PROBLEM TO WORK ON:
Your response needs to be the data below, retyped exactly.

== DATA PROVIDED

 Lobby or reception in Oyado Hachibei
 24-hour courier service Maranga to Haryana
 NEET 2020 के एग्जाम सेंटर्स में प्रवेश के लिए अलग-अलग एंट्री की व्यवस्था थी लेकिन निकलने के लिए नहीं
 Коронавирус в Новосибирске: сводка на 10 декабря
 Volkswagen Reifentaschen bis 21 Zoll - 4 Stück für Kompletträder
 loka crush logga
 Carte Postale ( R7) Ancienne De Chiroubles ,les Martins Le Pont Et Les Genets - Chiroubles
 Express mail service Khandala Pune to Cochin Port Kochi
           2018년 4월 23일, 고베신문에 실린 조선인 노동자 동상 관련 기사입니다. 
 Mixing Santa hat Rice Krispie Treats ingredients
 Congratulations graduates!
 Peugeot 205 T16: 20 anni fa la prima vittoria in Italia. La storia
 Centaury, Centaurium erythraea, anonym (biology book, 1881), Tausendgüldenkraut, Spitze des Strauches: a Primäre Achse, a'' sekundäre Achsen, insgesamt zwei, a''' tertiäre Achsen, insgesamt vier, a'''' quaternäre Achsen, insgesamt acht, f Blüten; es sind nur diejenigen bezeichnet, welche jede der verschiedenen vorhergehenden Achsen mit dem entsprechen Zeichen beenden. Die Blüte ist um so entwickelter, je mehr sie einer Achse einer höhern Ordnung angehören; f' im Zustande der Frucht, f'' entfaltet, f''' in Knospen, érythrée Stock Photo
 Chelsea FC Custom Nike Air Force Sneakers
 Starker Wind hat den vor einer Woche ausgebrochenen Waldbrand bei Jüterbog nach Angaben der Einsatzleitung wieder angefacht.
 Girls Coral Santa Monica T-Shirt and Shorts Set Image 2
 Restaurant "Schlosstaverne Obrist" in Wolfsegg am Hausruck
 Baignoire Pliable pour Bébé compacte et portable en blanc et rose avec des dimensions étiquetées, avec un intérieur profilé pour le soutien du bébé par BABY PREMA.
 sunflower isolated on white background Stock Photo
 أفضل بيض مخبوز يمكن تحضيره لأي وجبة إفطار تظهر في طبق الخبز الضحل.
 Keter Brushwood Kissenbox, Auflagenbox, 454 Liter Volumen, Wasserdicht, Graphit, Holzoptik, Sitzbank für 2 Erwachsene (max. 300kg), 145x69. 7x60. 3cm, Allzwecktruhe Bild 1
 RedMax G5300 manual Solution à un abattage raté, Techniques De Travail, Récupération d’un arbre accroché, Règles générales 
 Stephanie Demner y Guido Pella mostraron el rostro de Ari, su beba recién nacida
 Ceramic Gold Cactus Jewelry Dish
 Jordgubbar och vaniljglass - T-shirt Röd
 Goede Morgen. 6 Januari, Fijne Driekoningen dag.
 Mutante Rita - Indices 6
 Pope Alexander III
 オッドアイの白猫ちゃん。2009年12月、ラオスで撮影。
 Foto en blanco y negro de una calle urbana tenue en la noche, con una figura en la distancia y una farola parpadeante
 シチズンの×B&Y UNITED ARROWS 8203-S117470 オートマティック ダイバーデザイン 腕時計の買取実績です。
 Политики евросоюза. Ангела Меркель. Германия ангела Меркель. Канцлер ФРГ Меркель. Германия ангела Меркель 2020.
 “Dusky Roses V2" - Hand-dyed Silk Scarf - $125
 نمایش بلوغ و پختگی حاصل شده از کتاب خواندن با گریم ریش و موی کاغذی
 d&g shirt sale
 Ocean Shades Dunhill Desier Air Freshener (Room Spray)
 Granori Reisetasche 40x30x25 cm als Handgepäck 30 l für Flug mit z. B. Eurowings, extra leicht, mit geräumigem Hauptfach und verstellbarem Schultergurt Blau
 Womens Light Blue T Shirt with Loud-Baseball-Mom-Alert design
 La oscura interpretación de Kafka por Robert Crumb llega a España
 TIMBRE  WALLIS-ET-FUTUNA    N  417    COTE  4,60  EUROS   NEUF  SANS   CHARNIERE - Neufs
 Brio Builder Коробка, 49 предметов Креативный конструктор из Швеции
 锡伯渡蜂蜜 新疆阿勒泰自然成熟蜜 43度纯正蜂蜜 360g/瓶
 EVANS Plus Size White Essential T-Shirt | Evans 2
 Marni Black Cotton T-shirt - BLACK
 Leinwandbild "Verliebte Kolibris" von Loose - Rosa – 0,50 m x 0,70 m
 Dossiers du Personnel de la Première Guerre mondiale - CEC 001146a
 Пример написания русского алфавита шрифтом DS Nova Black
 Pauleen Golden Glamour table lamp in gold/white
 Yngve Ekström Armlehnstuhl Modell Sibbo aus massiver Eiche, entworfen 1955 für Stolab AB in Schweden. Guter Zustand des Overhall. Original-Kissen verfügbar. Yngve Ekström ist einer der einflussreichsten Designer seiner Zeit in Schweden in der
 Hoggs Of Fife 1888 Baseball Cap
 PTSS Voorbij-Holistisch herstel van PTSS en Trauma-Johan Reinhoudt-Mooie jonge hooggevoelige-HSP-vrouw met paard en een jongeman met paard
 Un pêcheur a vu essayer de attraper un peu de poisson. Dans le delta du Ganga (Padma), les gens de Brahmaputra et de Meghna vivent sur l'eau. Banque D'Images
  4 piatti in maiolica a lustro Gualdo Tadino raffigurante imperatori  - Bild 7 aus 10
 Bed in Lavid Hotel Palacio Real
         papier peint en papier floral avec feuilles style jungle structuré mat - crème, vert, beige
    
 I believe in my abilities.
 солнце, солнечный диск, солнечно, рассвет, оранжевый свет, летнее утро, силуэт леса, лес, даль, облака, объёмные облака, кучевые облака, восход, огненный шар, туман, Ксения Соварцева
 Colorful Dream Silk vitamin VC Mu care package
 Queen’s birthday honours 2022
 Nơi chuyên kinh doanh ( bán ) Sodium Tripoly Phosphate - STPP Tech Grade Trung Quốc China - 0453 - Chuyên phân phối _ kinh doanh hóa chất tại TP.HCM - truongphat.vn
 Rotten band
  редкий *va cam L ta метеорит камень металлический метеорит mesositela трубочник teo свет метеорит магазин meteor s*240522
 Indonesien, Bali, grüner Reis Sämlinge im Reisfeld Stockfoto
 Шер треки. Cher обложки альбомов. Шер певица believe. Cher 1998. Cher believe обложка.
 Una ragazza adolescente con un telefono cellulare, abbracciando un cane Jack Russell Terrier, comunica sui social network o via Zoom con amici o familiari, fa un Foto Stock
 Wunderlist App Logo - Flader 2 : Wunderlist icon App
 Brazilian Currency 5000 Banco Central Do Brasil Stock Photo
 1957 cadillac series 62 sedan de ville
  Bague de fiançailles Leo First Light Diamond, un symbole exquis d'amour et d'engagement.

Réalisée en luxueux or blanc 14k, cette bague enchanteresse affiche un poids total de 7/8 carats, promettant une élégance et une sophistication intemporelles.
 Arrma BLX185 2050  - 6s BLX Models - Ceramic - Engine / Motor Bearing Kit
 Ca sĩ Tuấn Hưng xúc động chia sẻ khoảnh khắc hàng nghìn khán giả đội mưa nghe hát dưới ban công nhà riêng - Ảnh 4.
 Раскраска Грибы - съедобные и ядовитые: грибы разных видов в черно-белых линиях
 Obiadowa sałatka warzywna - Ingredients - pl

====

OUTPUT FOR THIS EXERCISE:
 Lobby or reception in Oyado Hachibei
 24-hour courier service Maranga to Haryana
 NEET 2020 के एग्जाम सेंटर्स में प्रवेश के लिए अलग-अलग एंट्री की व्यवस्था थी लेकिन निकलने के लिए नहीं
 Коронавирус в Новосибирске: сводка на 10 декабря
 Volkswagen Reifentaschen bis 21 Zoll - 4 Stück für Kompletträder
 loka crush logga
 Carte Postale ( R7) Ancienne De Chiroubles ,les Martins Le Pont Et Les Genets - Chiroubles
 Express mail service Khandala Pune to Cochin Port Kochi
           2018년 4월 23일, 고베신문에 실린 조선인 노동자 동상 관련 기사입니다. 
 Mixing Santa hat Rice Krispie Treats ingredients
 Congratulations graduates!
 Peugeot 205 T16: 20 anni fa la prima vittoria in Italia. La storia
 Centaury, Centaurium erythraea, anonym (biology book, 1881), Tausendgüldenkraut, Spitze des Strauches: a Primäre Achse, a'' sekundäre Achsen, insgesamt zwei, a''' tertiäre Achsen, insgesamt vier, a'''' quaternäre Achsen, insgesamt acht, f Blüten; es sind nur diejenigen bezeichnet, welche jede der verschiedenen vorhergehenden Achsen mit dem entsprechen Zeichen beenden. Die Blüte ist um so entwickelter, je mehr sie einer Achse einer höhern Ordnung angehören; f' im Zustande der Frucht, f'' entfaltet, f''' in Knospen, érythrée Stock Photo
 Chelsea FC Custom Nike Air Force Sneakers
 Starker Wind hat den vor einer Woche ausgebrochenen Waldbrand bei Jüterbog nach Angaben der Einsatzleitung wieder angefacht.
 Girls Coral Santa Monica T-Shirt and Shorts Set Image 2
 Restaurant "Schlosstaverne Obrist" in Wolfsegg am Hausruck
 Baignoire Pliable pour Bébé compacte et portable en blanc et rose avec des dimensions étiquetées, avec un intérieur profilé pour le soutien du bébé par BABY PREMA.
 sunflower isolated on white background Stock Photo
 أفضل بيض مخبوز يمكن تحضيره لأي وجبة إفطار تظهر في طبق الخبز الضحل.
 Keter Brushwood Kissenbox, Auflagenbox, 454 Liter Volumen, Wasserdicht, Graphit, Holzoptik, Sitzbank für 2 Erwachsene (max. 300kg), 145x69. 7x60. 3cm, Allzwecktruhe Bild 1
 RedMax G5300 manual Solution à un abattage raté, Techniques De Travail, Récupération d’un arbre accroché, Règles générales 
 Stephanie Demner y Guido Pella mostraron el rostro de Ari, su beba recién nacida
 Ceramic Gold Cactus Jewelry Dish
 Jordgubbar och vaniljglass - T-shirt Röd
 Goede Morgen. 6 Januari, Fijne Driekoningen dag.
 Mutante Rita - Indices 6
 Pope Alexander III
 オッドアイの白猫ちゃん。2009年12月、ラオスで撮影。
 Foto en blanco y negro de una calle urbana tenue en la noche, con una figura en la distancia y una farola parpadeante
 シチズンの×B&Y UNITED ARROWS 8203-S117470 オートマティック ダイバーデザイン 腕時計の買取実績です。
 Политики евросоюза. Ангела Меркель. Германия ангела Меркель. Канцлер ФРГ Меркель. Германия ангела Меркель 2020.
 “Dusky Roses V2" - Hand-dyed Silk Scarf - $125
 نمایش بلوغ و پختگی حاصل شده از کتاب خواندن با گریم ریش و موی کاغذی
 d&g shirt sale
 Ocean Shades Dunhill Desier Air Freshener (Room Spray)
 Granori Reisetasche 40x30x25 cm als Handgepäck 30 l für Flug mit z. B. Eurowings, extra leicht, mit geräumigem Hauptfach und verstellbarem Schultergurt Blau
 Womens Light Blue T Shirt with Loud-Baseball-Mom-Alert design
 La oscura interpretación de Kafka por Robert Crumb llega a España
 TIMBRE  WALLIS-ET-FUTUNA    N  417    COTE  4,60  EUROS   NEUF  SANS   CHARNIERE - Neufs
 Brio Builder Коробка, 49 предметов Креативный конструктор из Швеции
 锡伯渡蜂蜜 新疆阿勒泰自然成熟蜜 43度纯正蜂蜜 360g/瓶
 EVANS Plus Size White Essential T-Shirt | Evans 2
 Marni Black Cotton T-shirt - BLACK
 Leinwandbild "Verliebte Kolibris" von Loose - Rosa – 0,50 m x 0,70 m
 Dossiers du Personnel de la Première Guerre mondiale - CEC 001146a
 Пример написания русского алфавита шрифтом DS Nova Black
 Pauleen Golden Glamour table lamp in gold/white
 Yngve Ekström Armlehnstuhl Modell Sibbo aus massiver Eiche, entworfen 1955 für Stolab AB in Schweden. Guter Zustand des Overhall. Original-Kissen verfügbar. Yngve Ekström ist einer der einflussreichsten Designer seiner Zeit in Schweden in der
 Hoggs Of Fife 1888 Baseball Cap
 PTSS Voorbij-Holistisch herstel van PTSS en Trauma-Johan Reinhoudt-Mooie jonge hooggevoelige-HSP-vrouw met paard en een jongeman met paard
 Un pêcheur a vu essayer de attraper un peu de poisson. Dans le delta du Ganga (Padma), les gens de Brahmaputra et de Meghna vivent sur l'eau. Banque D'Images
  4 piatti in maiolica a lustro Gualdo Tadino raffigurante imperatori  - Bild 7 aus 10
 Bed in Lavid Hotel Palacio Real
         papier peint en papier floral avec feuilles style jungle structuré mat - crème, vert, beige
    
 I believe in my abilities.
 солнце, солнечный диск, солнечно, рассвет, оранжевый свет, летнее утро, силуэт леса, лес, даль, облака, объёмные облака, кучевые облака, восход, огненный шар, туман, Ксения Соварцева
 Colorful Dream Silk vitamin VC Mu care package
 Queen’s birthday honours 2022
 Nơi chuyên kinh doanh ( bán ) Sodium Tripoly Phosphate - STPP Tech Grade Trung Quốc China - 0453 - Chuyên phân phối _ kinh doanh hóa chất tại TP.HCM - truongphat.vn
 Rotten band
  редкий *va cam L ta метеорит камень металлический метеорит mesositela трубочник teo свет метеорит магазин meteor s*240522
 Indonesien, Bali, grüner Reis Sämlinge im Reisfeld Stockfoto
 Шер треки. Cher обложки альбомов. Шер певица believe. Cher 1998. Cher believe обложка.
 Una ragazza adolescente con un telefono cellulare, abbracciando un cane Jack Russell Terrier, comunica sui social network o via Zoom con amici o familiari, fa un Foto Stock
 Wunderlist App Logo - Flader 2 : Wunderlist icon App
 Brazilian Currency 5000 Banco Central Do Brasil Stock Photo
 1957 cadillac series 62 sedan de ville
  Bague de fiançailles Leo First Light Diamond, un symbole exquis d'amour et d'engagement.

Réalisée en luxueux or blanc 14k, cette bague enchanteresse affiche un poids total de 7/8 carats, promettant une élégance et une sophistication intemporelles.
 Arrma BLX185 2050  - 6s BLX Models - Ceramic - Engine / Motor Bearing Kit
 Ca sĩ Tuấn Hưng xúc động chia sẻ khoảnh khắc hàng nghìn khán giả đội mưa nghe hát dưới ban công nhà riêng - Ảnh 4.
 Раскраска Грибы - съедобные и ядовитые: грибы разных видов в черно-белых линиях
 Obiadowa sałatka warzywna - Ingredients - pl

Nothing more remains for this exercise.